A 70-year-old male visited our hospital, complaining of blue staining of the towels after wiping the sweat, which he noticed 10 months ago. He had past histories of lung squamous cell carcinoma, paroxysmal atrial fibrillation, hypertension, hyperlipidemia, emphysema, reflux esophagitis, cerebral infarction, and bronchial asthma. He was taking many drugs for over 5 years, such as prednisolone, nifedipine, clotiazepam, olmesartan medoxomil, esomeprazole magnesium hydrate, cibenzoline succinate, dabigatran etexilate methanesulfonate, fluvastatin sodium, and montelukast sodium. He brought a towel wiping his axilla, which was turned to pale blue (Figure 1). Dermatological examination revealed normal skin appearance. He denied hyperhidrosis and seasonal alteration. Results of laboratory examination including complete blood count, and liver and kidney functions were normal. He denied occupational and environmental changes in recent years. He did not want biopsy. Based on the clinical examination, we diagnosed this case as apocrine chromhidrosis.

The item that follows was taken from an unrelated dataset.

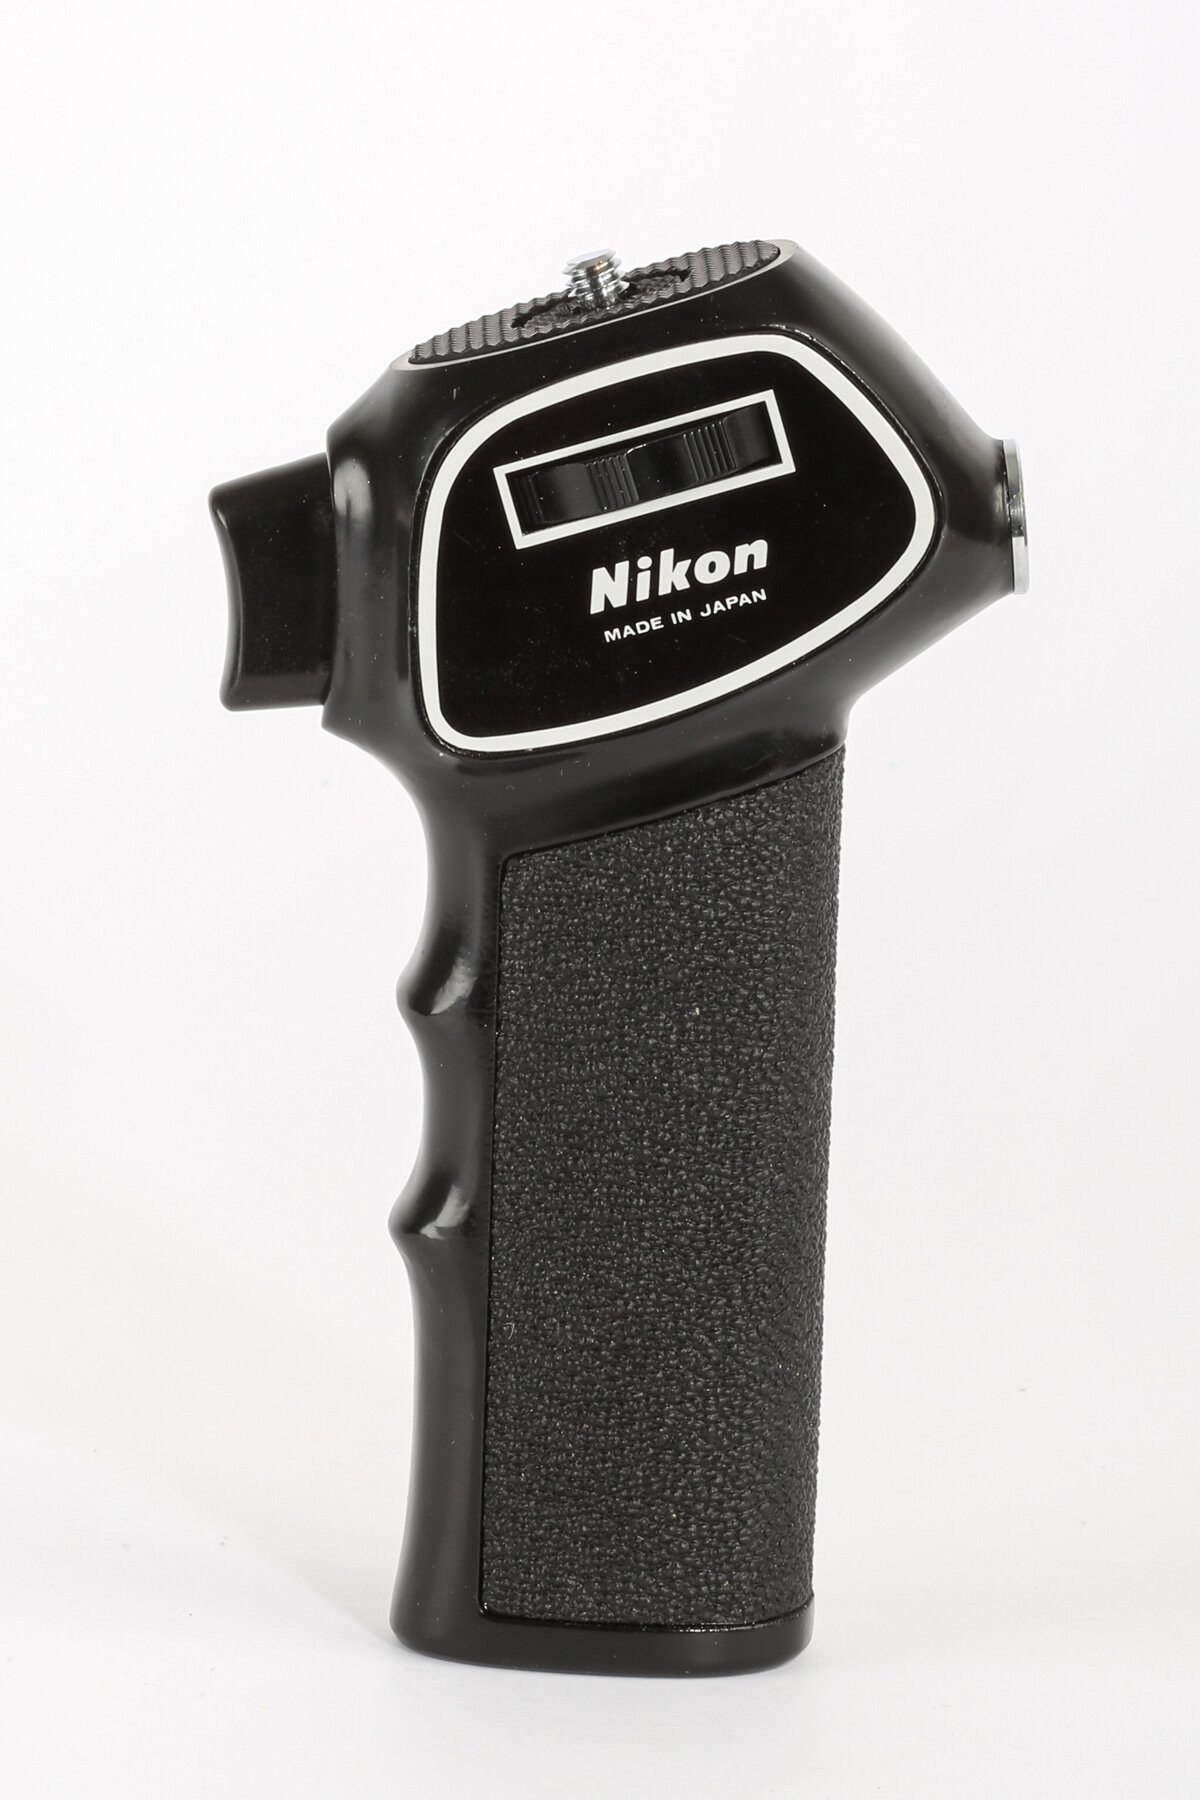 Nikon Pistol grip model 2

Apocrine chromhidrosis targets the axilla, face and areola. Secretion of colored sweat, such as yellow, blue, green, or black, has been reported, which depends on the levels of oxidation of lipofuscin secreted in apocrine glands [1]. Also, trypsine, melanin, and haeme breakdown products have been implicated as possible color-producing molecules. Also, substance P is implicated as a possible pathogenic factor, because the application of topical capsaicin reduced chromhidrosis [2]. By contrast, pseudo-eccrine chromhidrosis is production of colorless sweat which turned colored when it reached the skin and reacts with chromogenic bacterial products, chemicals, paints, and dyes [3]. True eccrine chromhidrosis is exceedingly rare, and conditions are induced by eccrine secretion of water-soluble agents such as dyes and drugs, without systemic diseases. The patient was previously treated with antibiotics (clarithromycin) for his emphysema, however, colored seating was unchanged. Also, he does not contact with chemicals, paints, or dyes in his occupation or hobbies. Nor he did use perfume. Therefore, we denied pseudo-eccrine chromhidrosis.

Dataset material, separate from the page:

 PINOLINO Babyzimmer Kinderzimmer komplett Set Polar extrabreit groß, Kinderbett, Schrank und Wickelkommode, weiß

In the majority of cases, apocrine chromhidrosis occur in puberty. Cases of either pediatric or elderly onset are few. To date, apocrine chromhidrosis in elderly persons have been reported in only a few cases, which occurred at the ages of 60, 62, and 76 years old [4-6]. Our patient belongs to the cases with late-onset of chromhidrosis. The reason of late-onset of chromhidrosis is unknown; however, tartrazine coating of bisacodyl, a purgative, has been suggested to be causative for eccrine chromhidrosis [7]. In our case, the patient had taken various kinds of drugs, which however were unchanged for over 5 years. Therefore, we consider that the association of drugs are unlikely to play a causative role in the induction of chromhidrosis in our case.